Profile Module
username_cleaner
def username_cleaner(username: str) -> str
Strips @ symbol from a username.
Example:
@dgnsrekt -> dgnsrekt
Arguments:
username
- username with @ symbol to remove.
Returns:
Username with @ symbol stripped.
link_parser
def link_parser(element: HTML) -> str
Gets the first link from an html element
Used for the profiles website, photo and banner links.
Arguments:
element
- HTML element with a link to parse.
Returns:
First link from a collection of links.
parse_user_id_from_banner
def parse_user_id_from_banner(banner_url: str) -> str
Parses the users id from the users banner photo url.

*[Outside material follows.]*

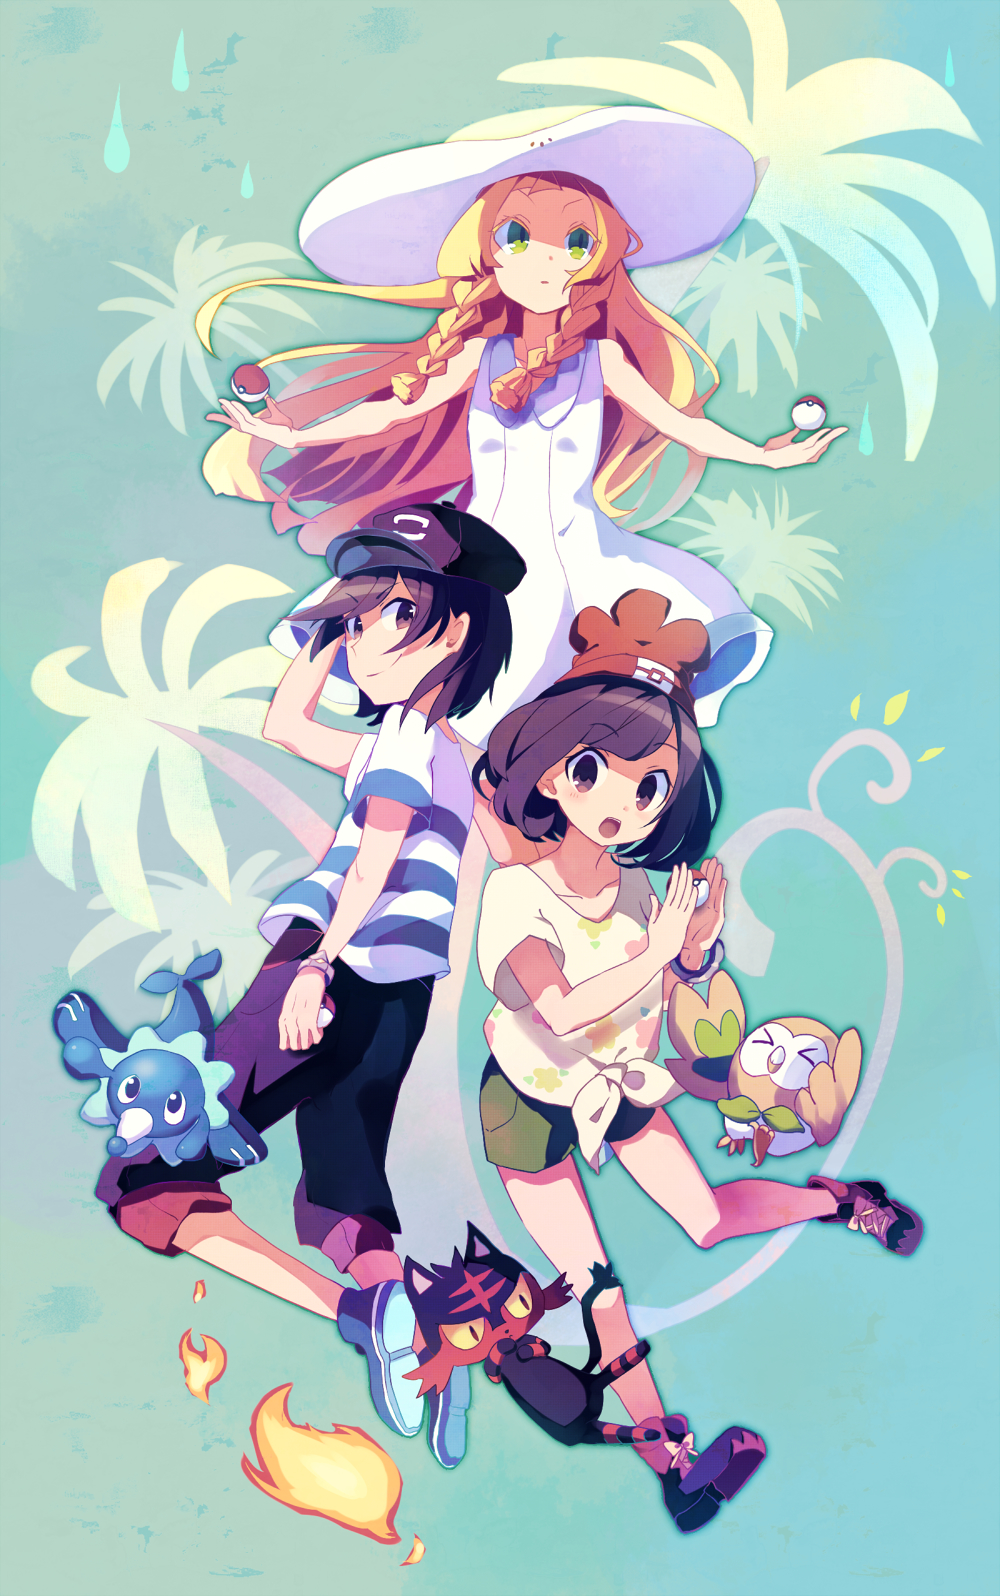 1boy 2girls artist_request blonde_hair braid brown_eyes brown_hair capri_pants dress female_protagonist_(pokemon_sm) green_eyes hat highres lillie_(pokemon) litten_(pokemon) long_hair male_protagonist_(pokemon_sm) md5_mismatch multiple_girls nyowaa417 open_mouth outstretched_arms pants poke_ball pokemon pokemon_(creature) pokemon_(game) pokemon_sm popplio rowlet shirt shoes short_hair shorts sleeveless sleeveless_dress sun_hat sundress twin_braids white_dress

The user id can only be parsed from the banner photos url.
Example:
/pic/profile_banners%2F2474416796%2F1600567028%2F1500x500 -> 2474416796
^ ^
| |
----------
user id section in banner link
Arguments:
banner_url
- URL of the profiles banner photo.
Returns:
The target profiles user id.
stat_cleaner
def stat_cleaner(stat: str) -> int
Cleans and converts single stat.
Used for the tweets, followers, following, and likes count sections.
Arguments:
stat
- Stat to be cleaned.
Returns:
A stat with commas removed and converted to int.
profile_parser
def profile_parser(elements: Dict) -> Dict
Converts parsed sections to text.
Cleans and processes a dictionary of gathered html elements.
Arguments:
elements
- Elements prepared to clean and convert.
Returns:
A dictionary of element sections cleaned and converted to their finalized types.
html_parser
def html_parser(html: HTML) -> Dict
Parses HTML element into individual sections
Given an html element the html_parser will search for each profile section using CSS selectors. All parsed html elements are gathered into a dictionary and returned.
Arguments:
html
- HTML element from a successful nitter profile scraped response.
Returns:
A dictionary of found elements from the parsed sections.
get_profile
def get_profile(username: str, not_found_ok: bool = False, address: str = "https://nitter.net") -> Optional[Profile]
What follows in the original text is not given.